O suspeito de cometer o crime, um homem de 27 anos que não teve a identidade revelada pela polícia, foi preso nesta segunda-feira (03), no bairro Feu Rosa, na Serra, onde residia com a esposa e o filho. De acordo com a polícia, ele e a vítima se conheceram poucas horas antes do crime, em um bar de Campo Grande.

"Eles começaram a conversar e fazer uso de bebida alcoólica. Nesse momento, o autor conseguiu convencer a vítima a ir até a sua residência. No interior da residência, o autor executou a vítima de forma cruel. Num primeiro momento, ele aplicou um golpe chamado mata-leão. A vítima caiu desmaiada e, em seguida, o autor pegou um fio de telefone fixo e estrangulou a vítima, levando ela a óbito", explicou o titular da Delegacia de Homicídios e Proteção à Pessoa (DHPP) de Cariacica, delegado Eduardo Khaddour.

As investigações apontam para o crime de latrocínio, que é o roubo com morte, já que, com o suspeito, a polícia encontrou alguns pertences da vítima. Agora a Polícia Civil tem mais 30 dias para finalizar o inquérito sobre o caso.

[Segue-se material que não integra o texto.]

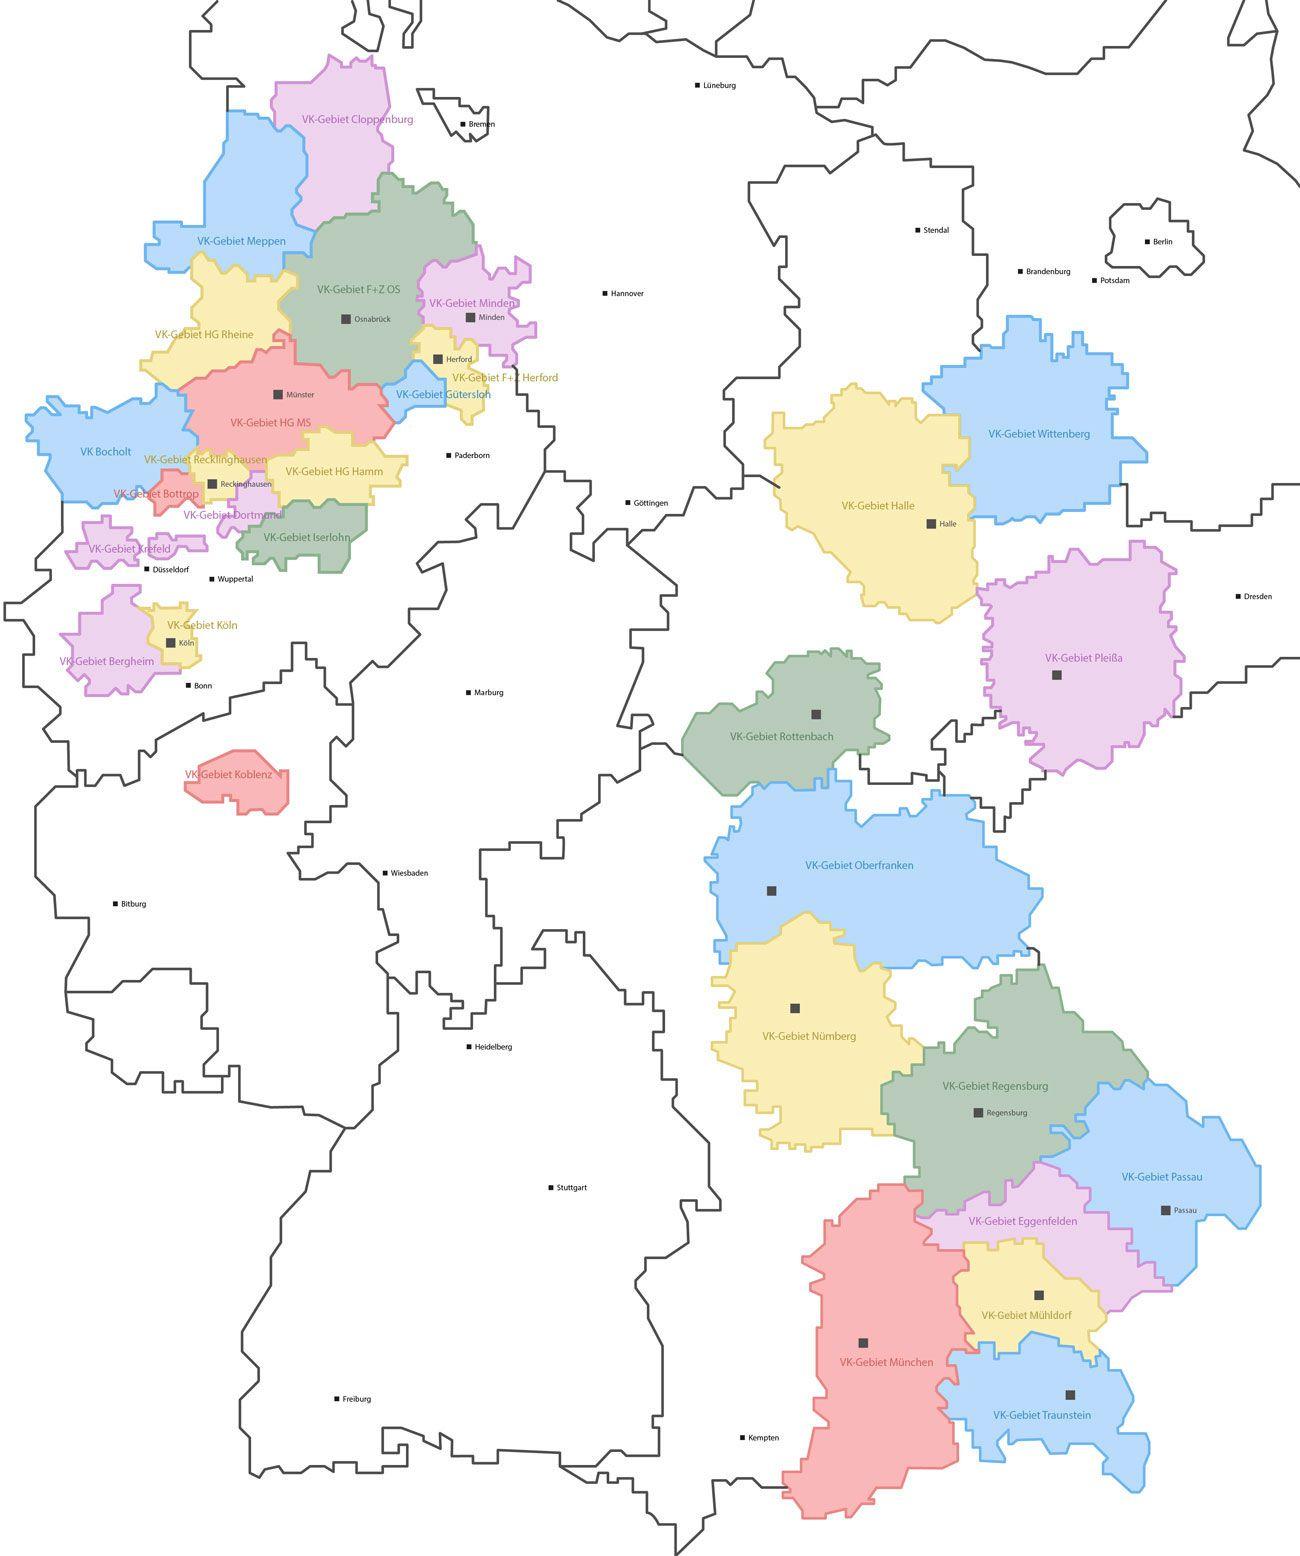 Unsere Gebiete H Gautzsch Bottrop B Denter Gmbh Co Kg

"A principal linha de investigação é a incidência de um crime patrimonial. O objetivo principal do autor seria subtrair os bens localizados no interior da residência da vítima, e assim de fato ele fez. Após executar a vítima, ele subtraiu o telefone celular e o notebook da vítima", disse o delegado.

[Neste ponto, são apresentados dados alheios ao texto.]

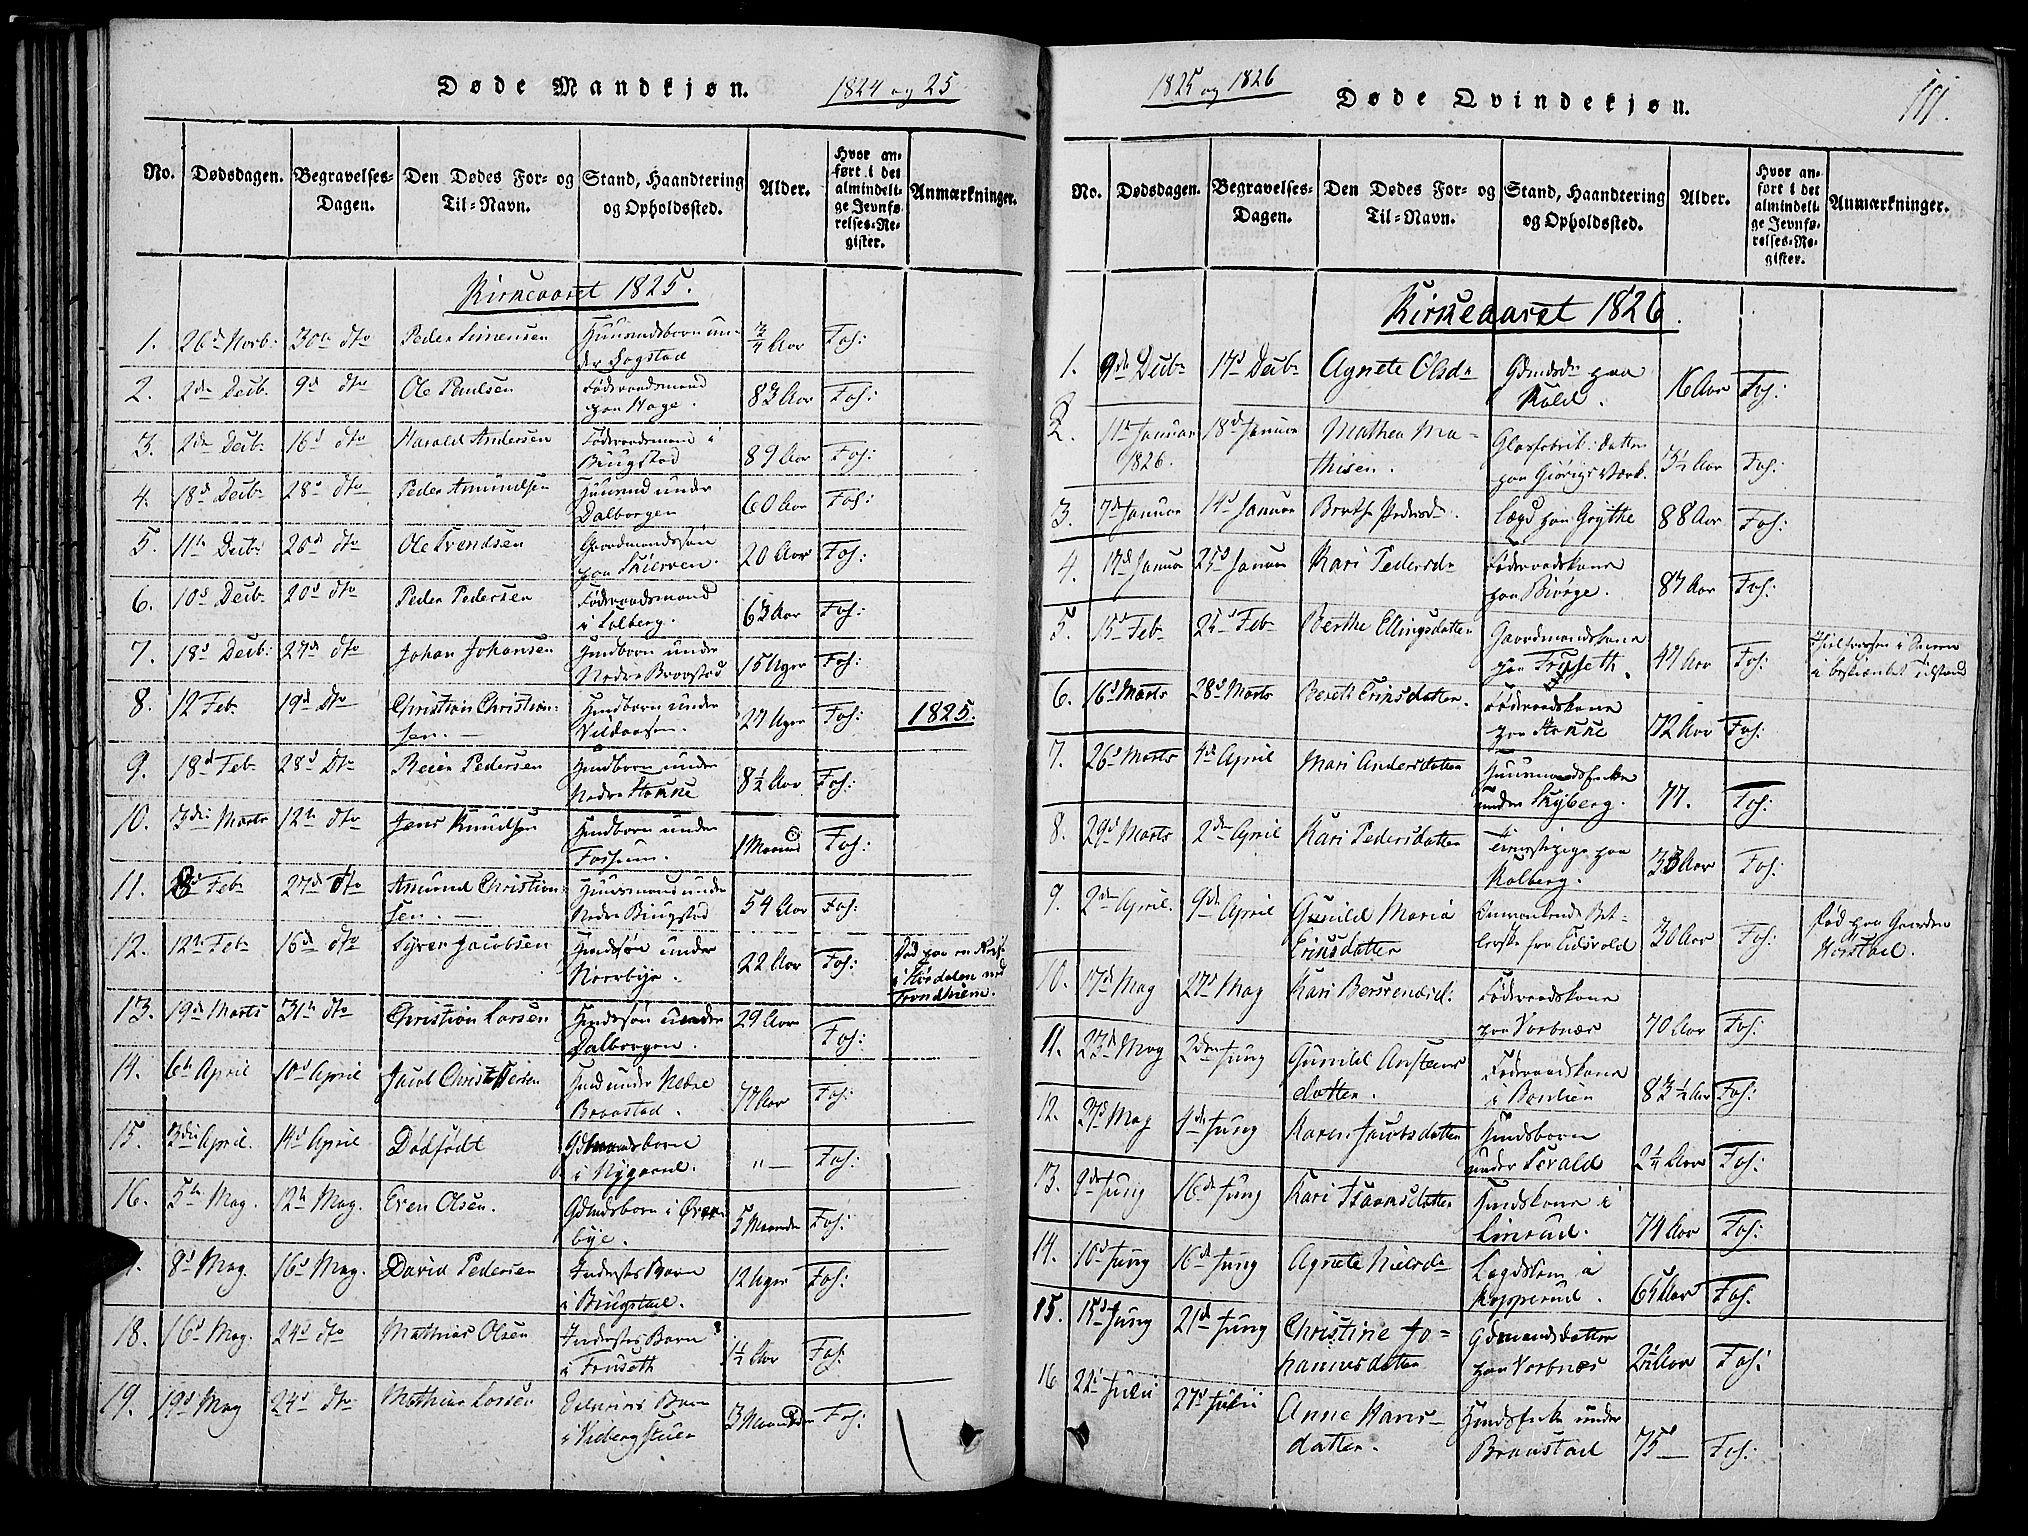 SAH, Vardal prestekontor, H/Ha/Haa/L0004: Ministerialbok nr. 4, 1814-1831, s. 111

Khaddour frisou, no entanto, que o suspeito, apesar de ter confessado o crime, não esclareceu qual foi o real motivo que o levou a matar a vítima. "A gente ainda tem 30 dias de investigação, que a gente vai tentar definir qual foi a real motivação. Ali a principal linha de investigação caminha nesse sentido, mas ele não confessou qual foi a real motivação", afirmou.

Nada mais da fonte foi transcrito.